At the same time, the European Commission has committed itself to a “Better Regulation” agenda and carries out “Fitness Checks” on many pieces of EU law. It would not be credible if a policy accounting for almost 40% of the EU budget were exempted from this exercise. Even if the Commission has just started a process to modernise and simplify the CAP, the current reform process falls short of a proper Fitness Check. Therefore, BirdLife Europe & Central Asia and the European Environmental Bureau, supported by NABU and others, have decided to get the ball rolling. A study was commissioned that closely follows the Commission’s own Fitness Check methodology: "Is the CAP fit for purpose: A rapid assessment of the evidence ".
This independent study aimed to compile evidence on the CAP’s impacts on our society, economy, and environment; assess whether the CAP fulfils its objectives; and evaluate the capacity of the CAP to contribute to meeting the UN’s Sustainable Development Goals (SDGs).
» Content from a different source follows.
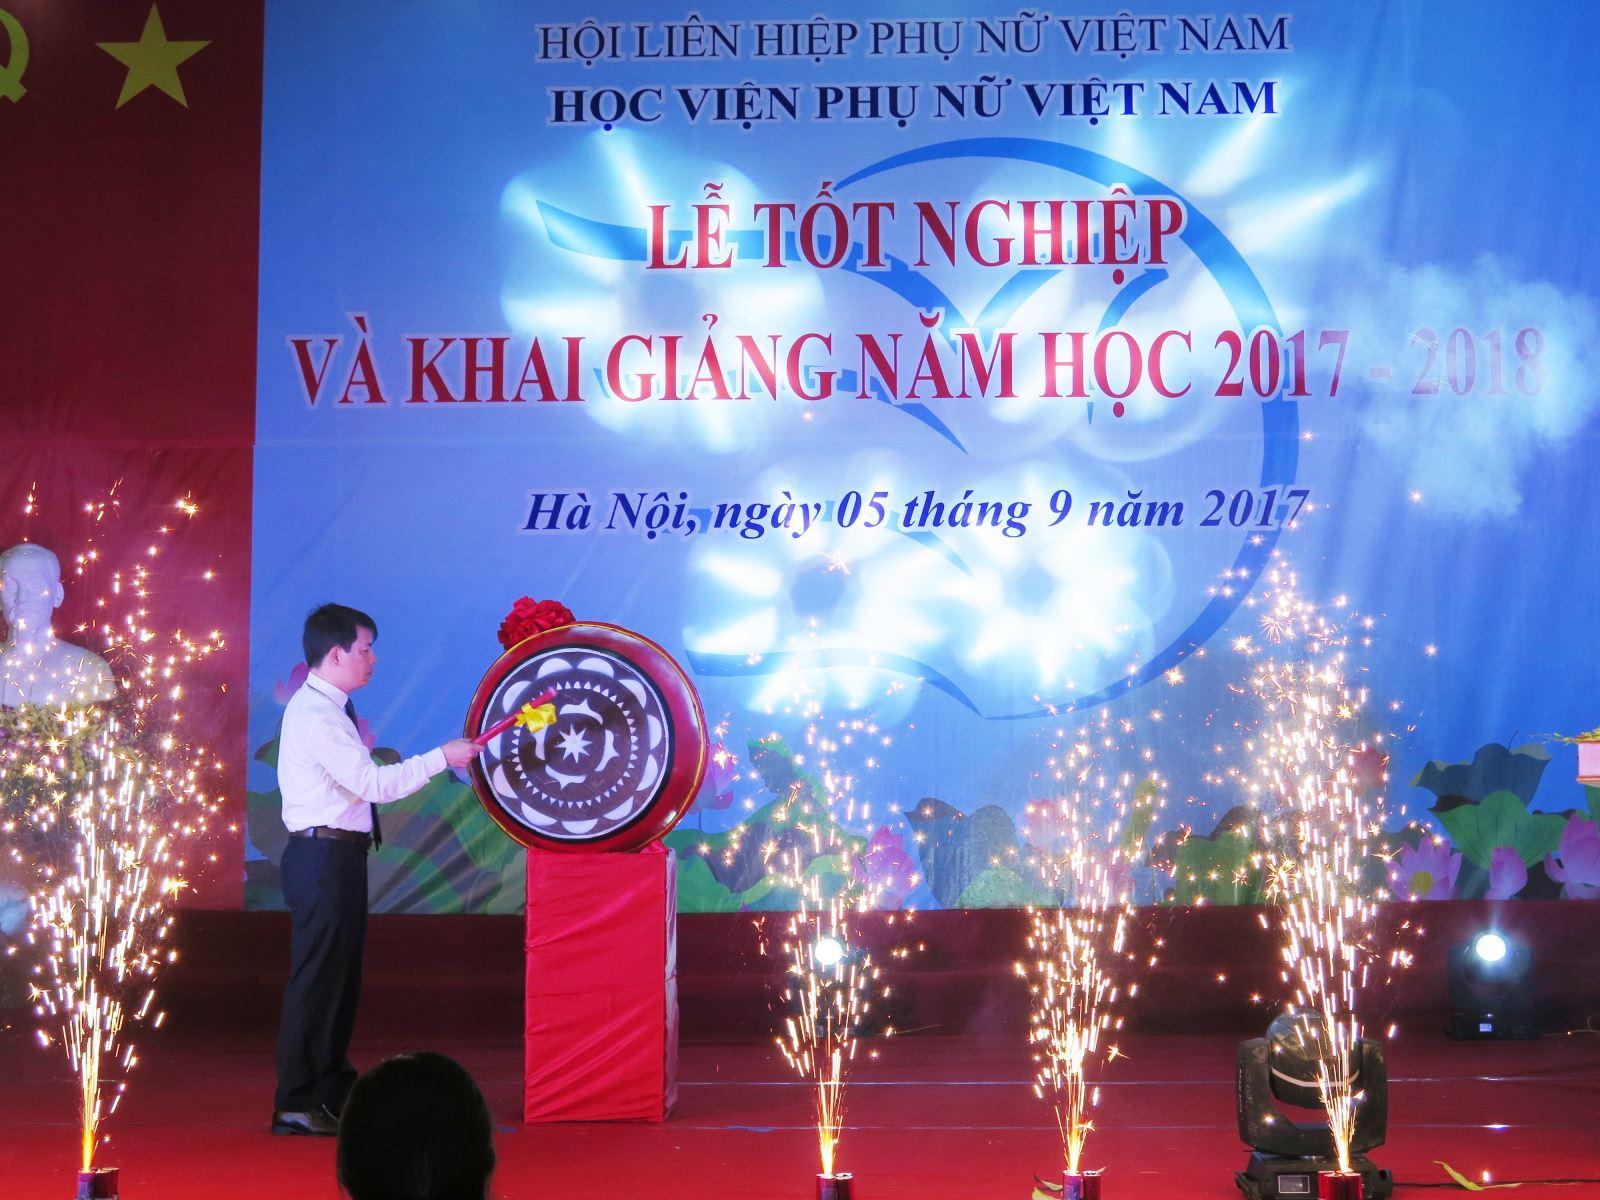 Diễn văn khai giảng năm học 2017 - 2018

The detailed analysis of more than 450 publications has shown that the CAP is not fit for purpose from both an environmental and a socio-economic perspective. The five “fitness check” questions show poor results on efficiency and internal coherence and mixed results for effectiveness, relevance and EU added value. This is just not good enough to keep justifying the billions of Euros spent on the CAP each year. Therefore BirdLife Europe, EEB and NABU ask for a fundamental reform. This new policy must set the EU on track to deliver on the Sustainable Development Goals.
In the light of the above
We call upon the European Commission, Members of the European Parliament and Governments of EU Member States to develop the Common Agricultural Policy into a sustainable Food and Land Use Policy, to improve its effectiveness, efficiency, coherence, relevance and its EU added value – to secure Europe’s chances to achieve the global Sustainable Development Goals by 2030.
We furthermore call upon the European Commission to turn the so-far inadequate process around and use this study as the foundation for a serious impact assessment that will result in an evidence-based future policy.